▶ **YOUR INSTRUCTIONS**
Copy the material below verbatim from the line with "Distributed media access" to the line with "High power discharge fuel ignitor", both lines included, omitting pictures and every line outside that range.

▶ **MATERIAL SHOWN**
<<<<

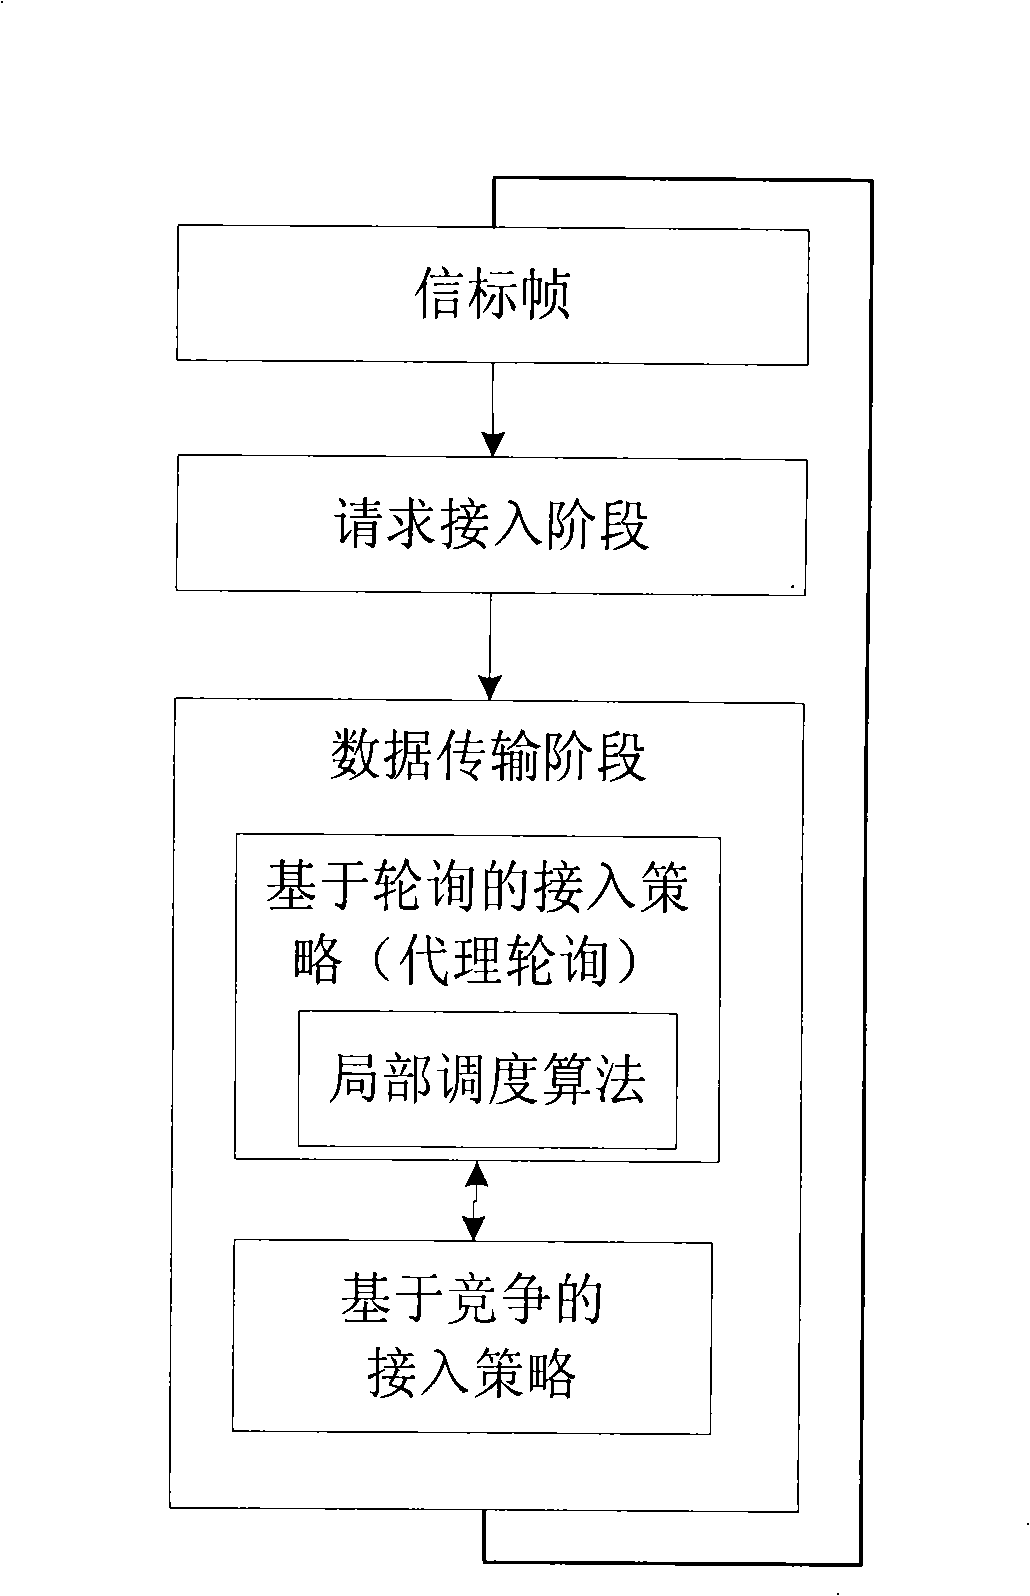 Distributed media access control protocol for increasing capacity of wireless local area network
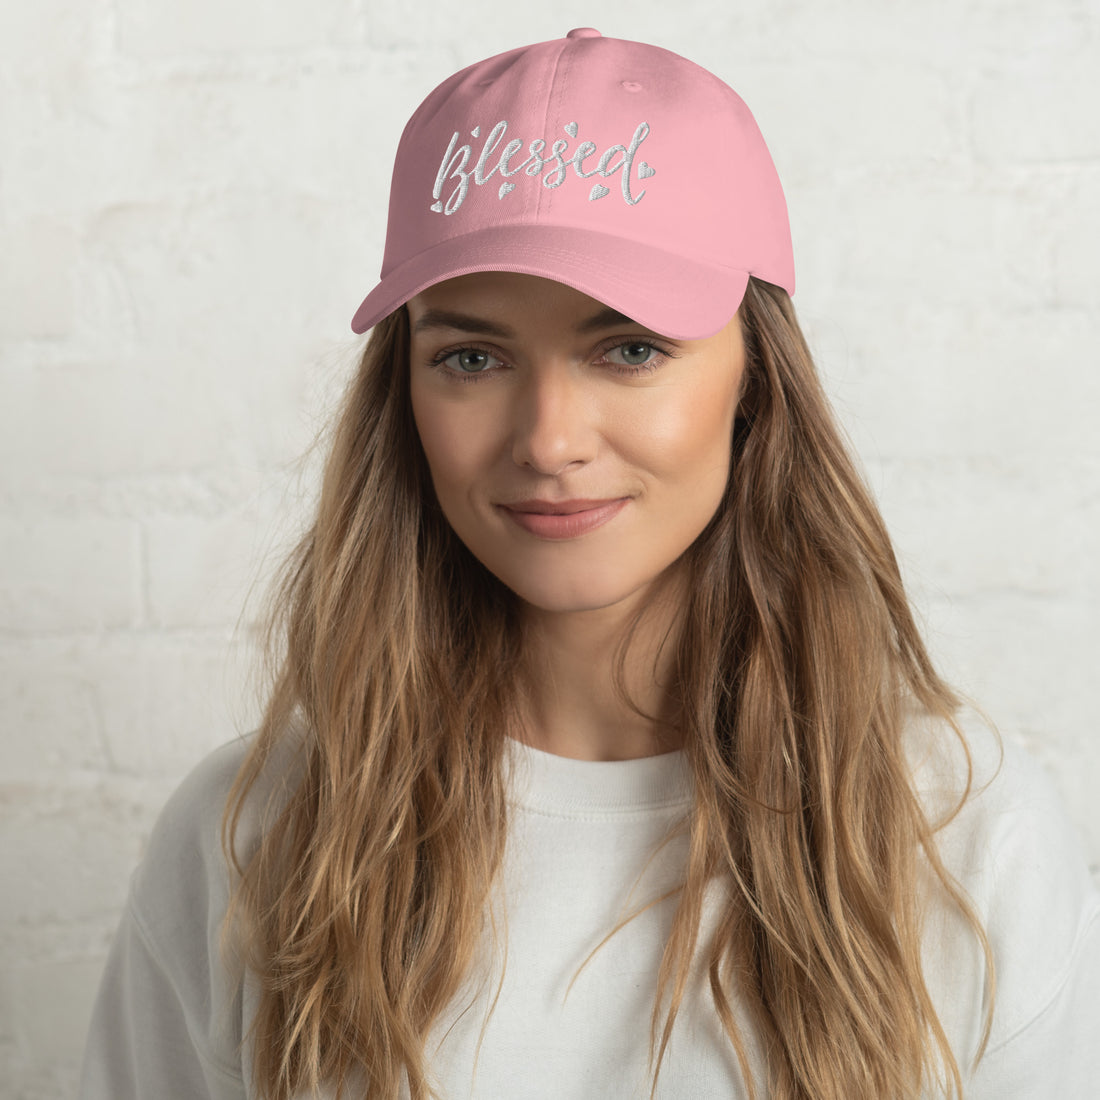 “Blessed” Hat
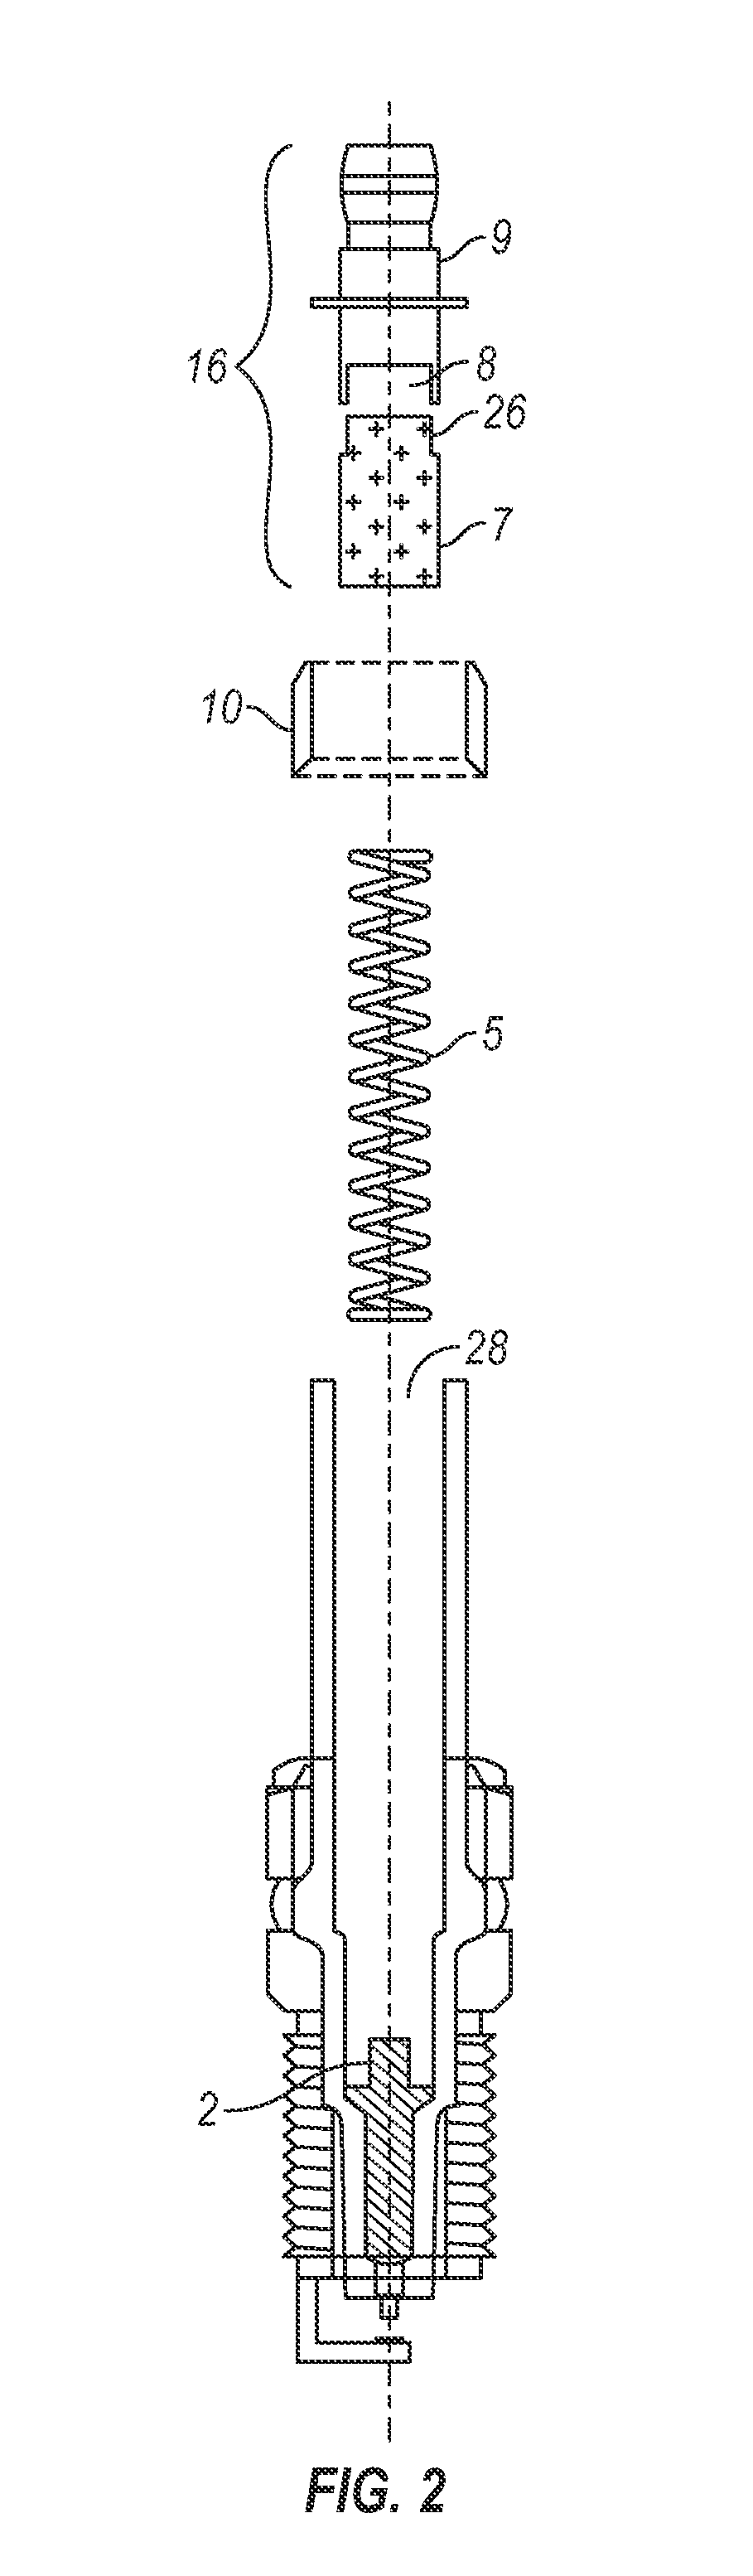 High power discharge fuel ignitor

>>>>
<<<<

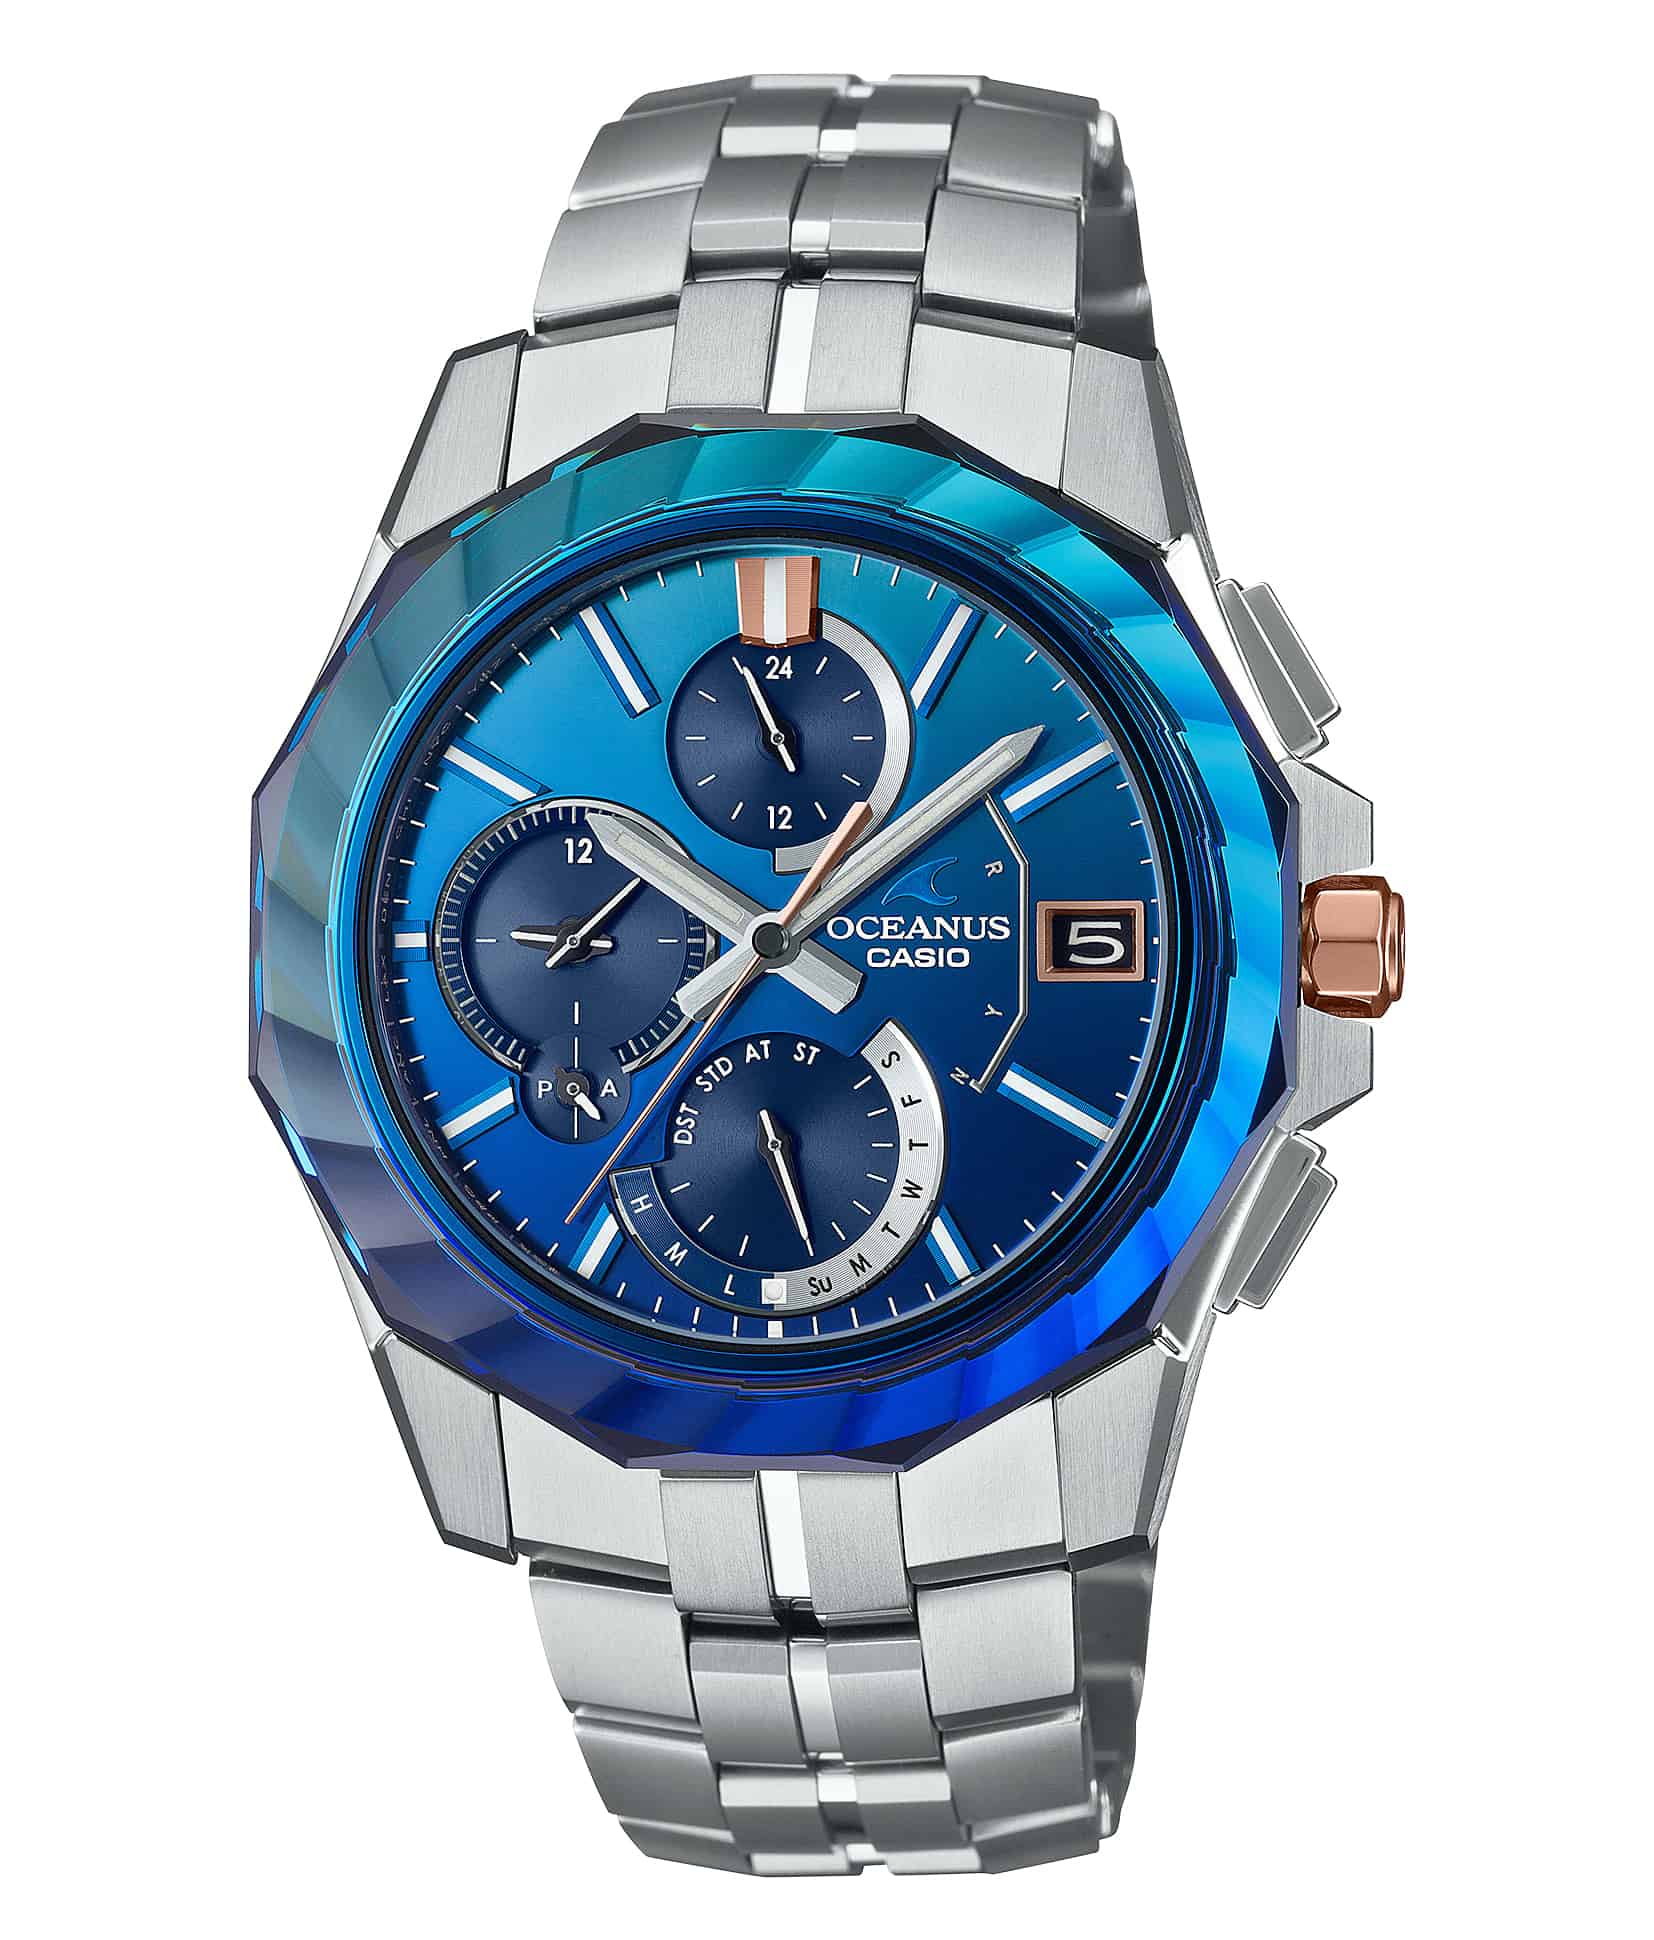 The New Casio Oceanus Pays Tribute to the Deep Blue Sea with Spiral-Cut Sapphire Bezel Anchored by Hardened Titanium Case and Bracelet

>>>>

▶ **THE COMPLETED TASK**
 Distributed media access control protocol for increasing capacity of wireless local area network
 “Blessed” Hat
 High power discharge fuel ignitor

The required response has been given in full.